• _Work instructions_
Exact copy, no pictures: repeat the data that follows.

• _Information shown_
####################
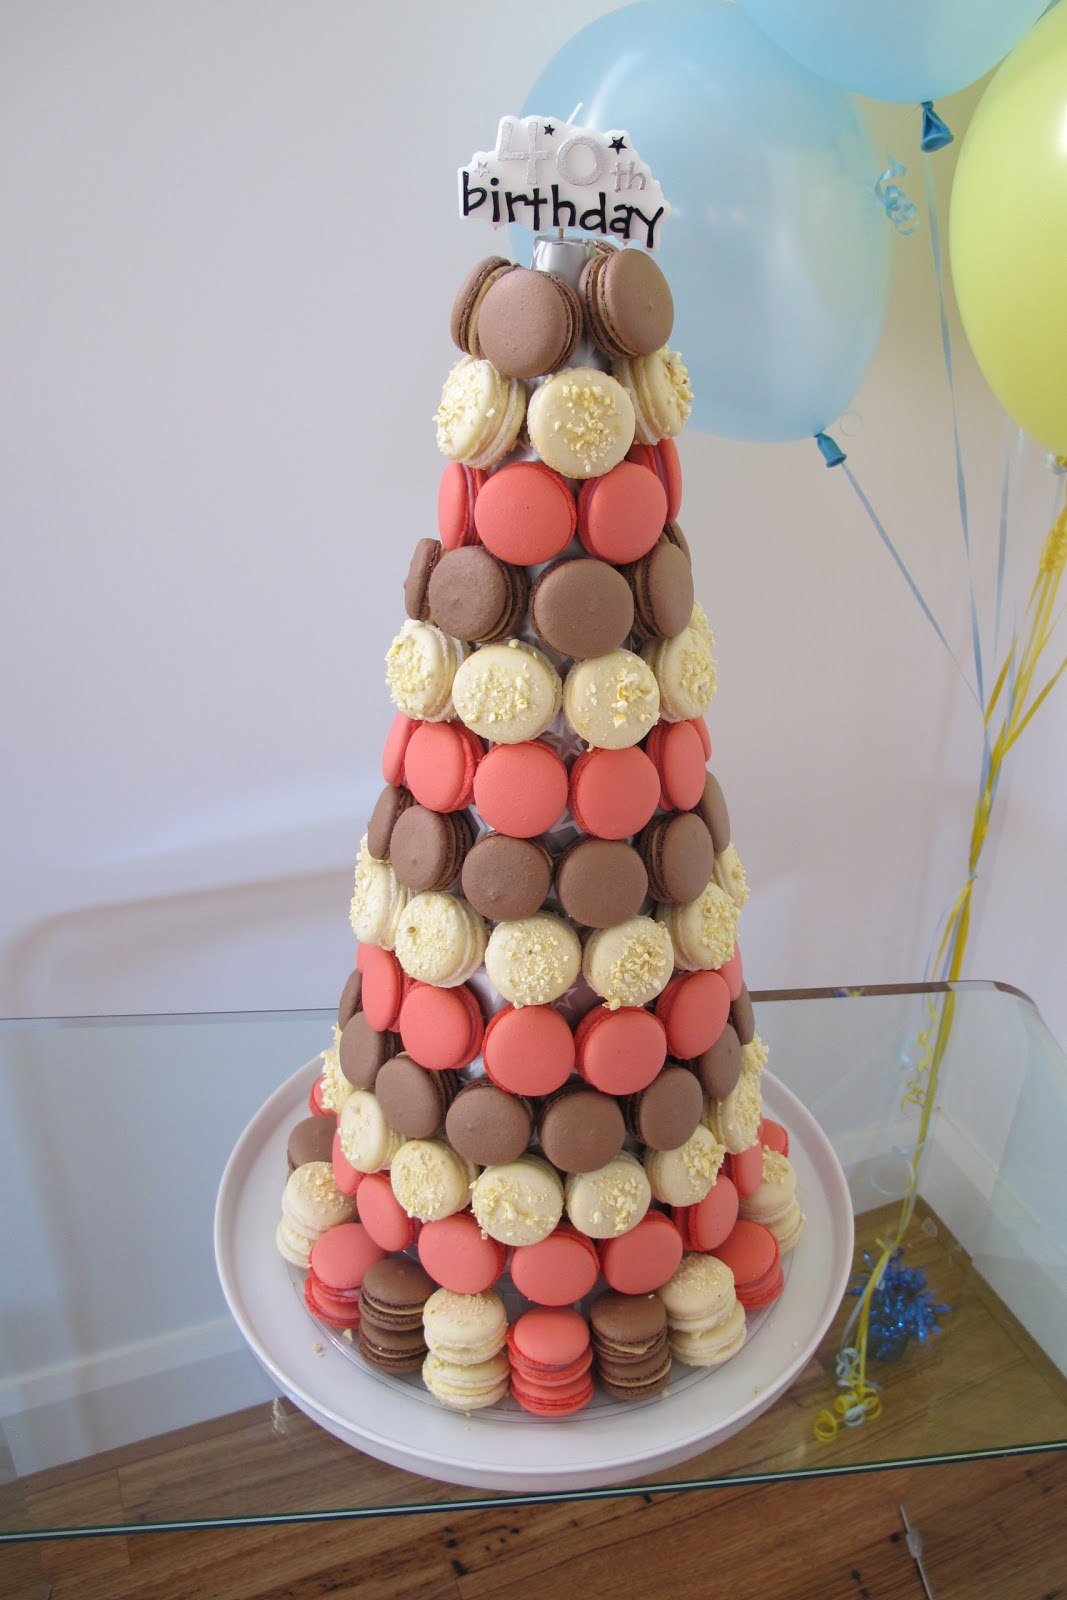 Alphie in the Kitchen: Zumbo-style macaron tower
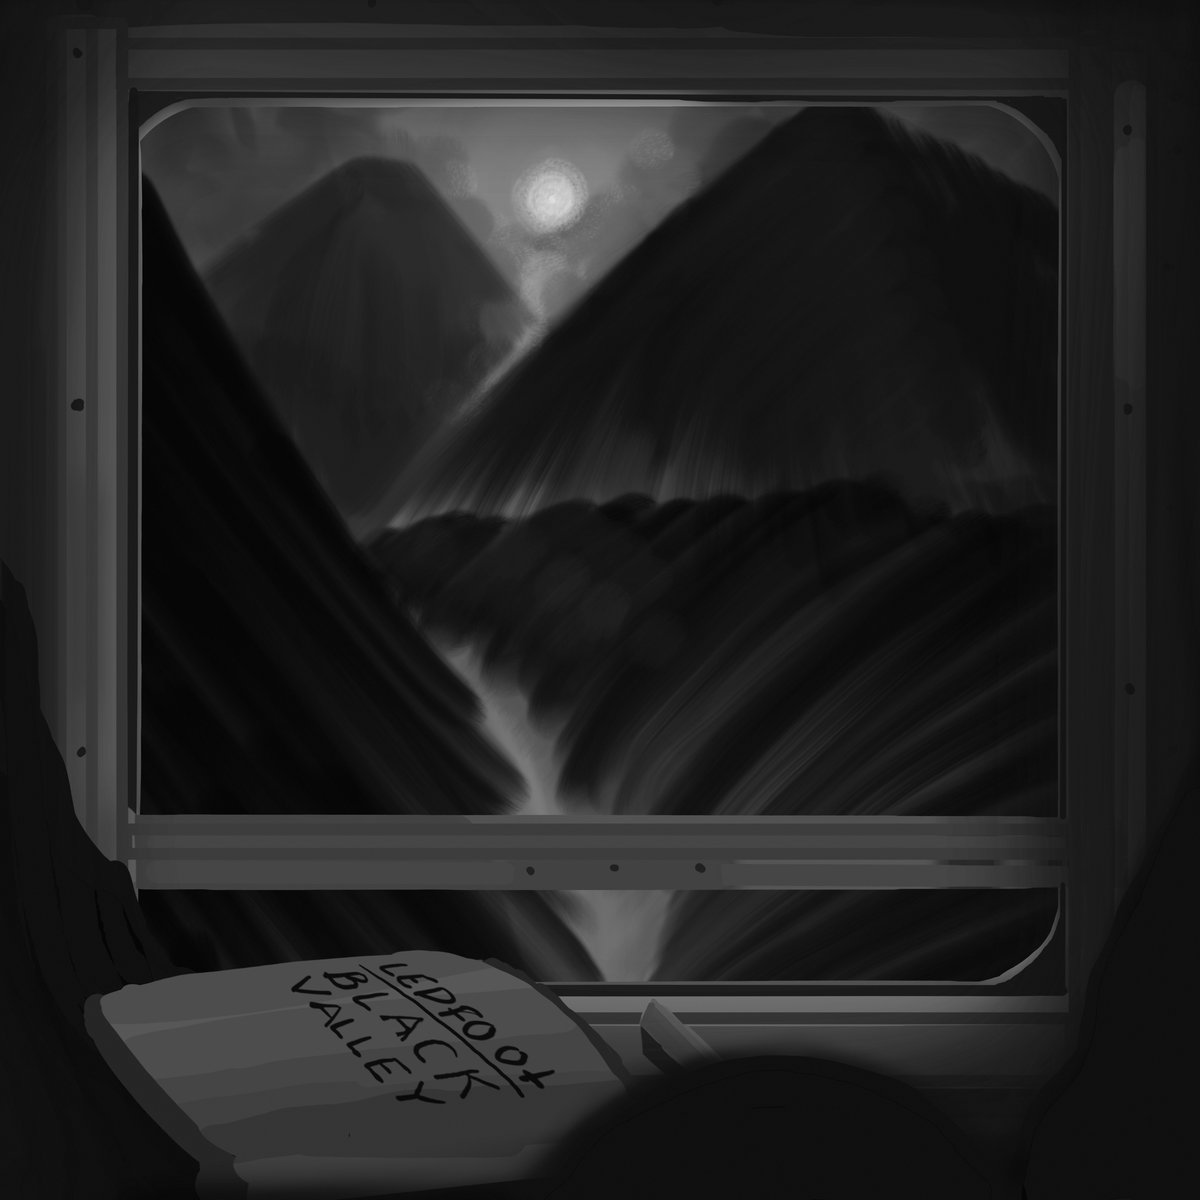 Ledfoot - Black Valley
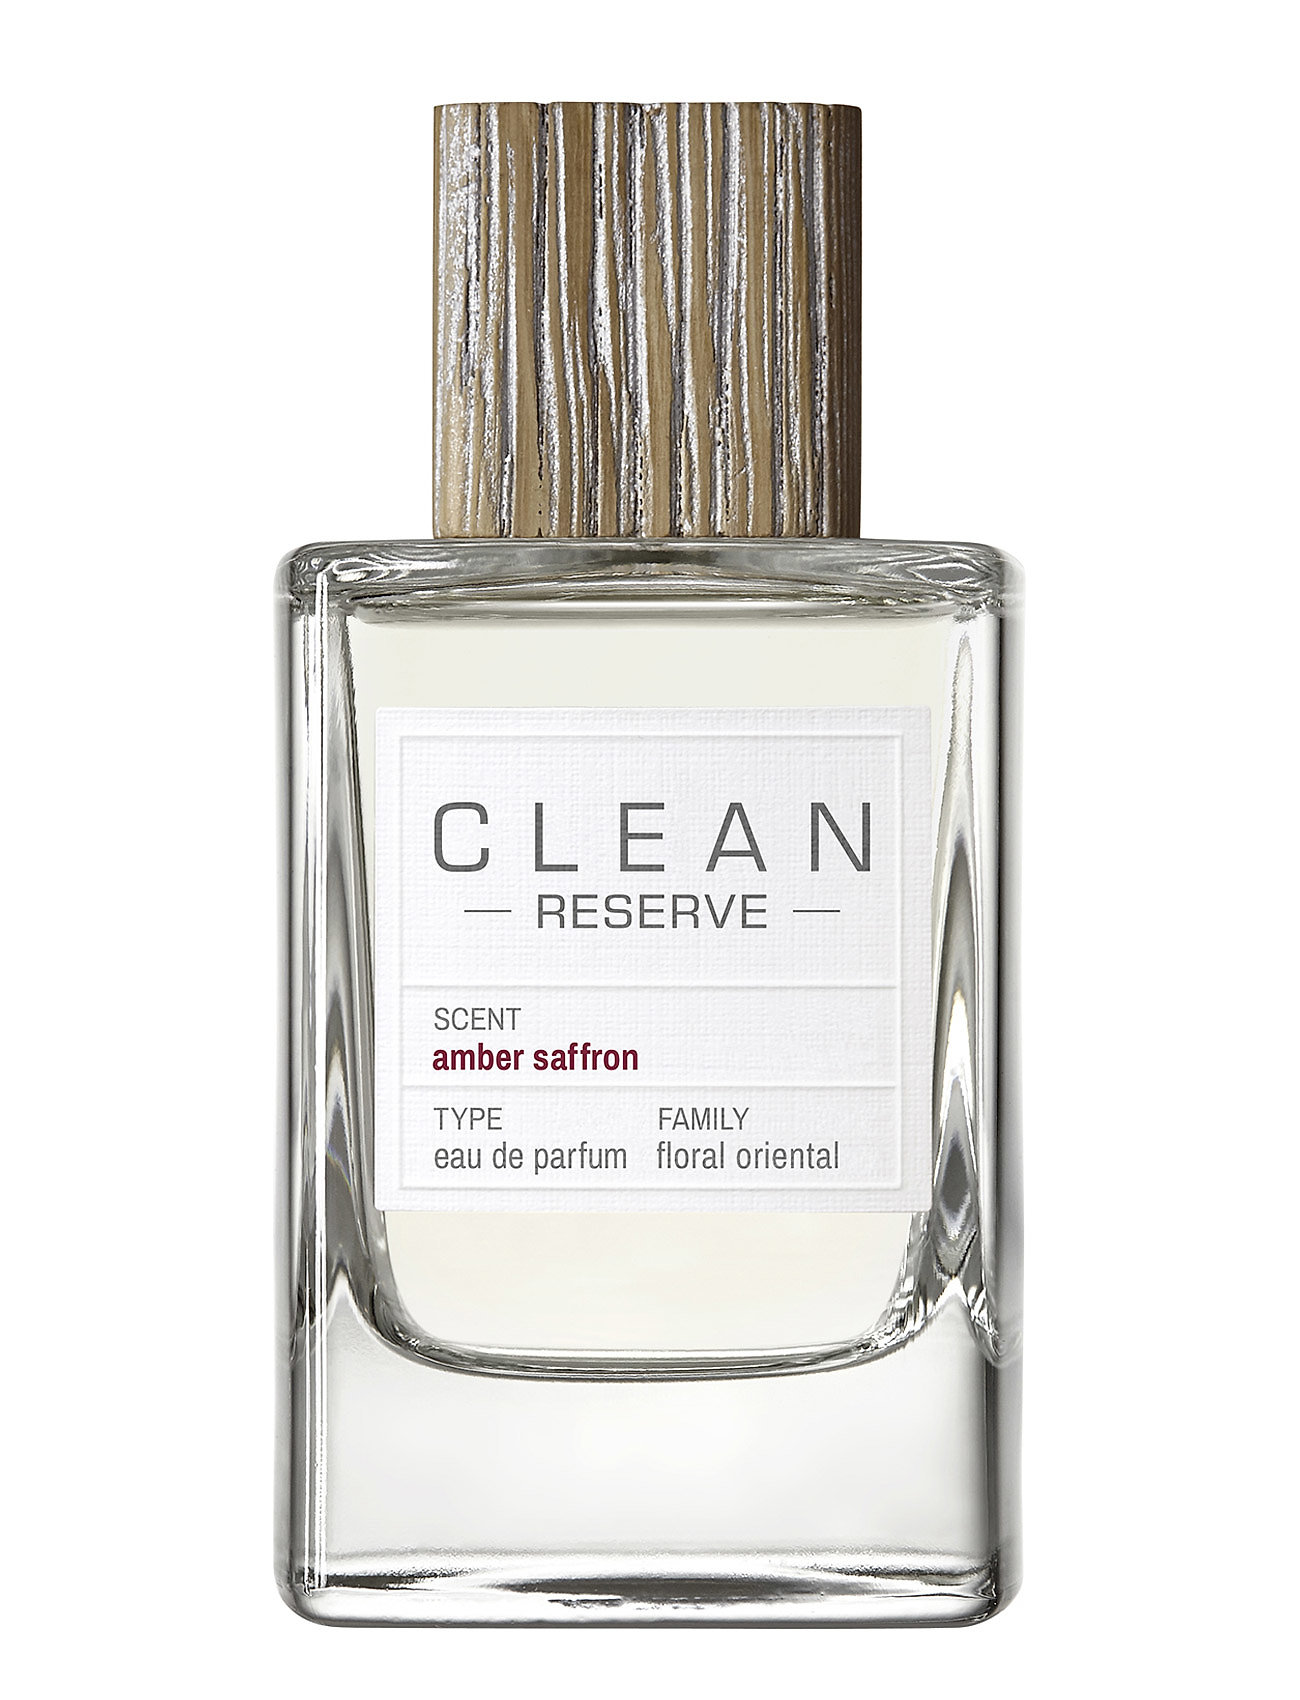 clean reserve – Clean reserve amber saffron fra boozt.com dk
####################
• _Output_
 Alphie in the Kitchen: Zumbo-style macaron tower
 Ledfoot - Black Valley
 clean reserve – Clean reserve amber saffron fra boozt.com dk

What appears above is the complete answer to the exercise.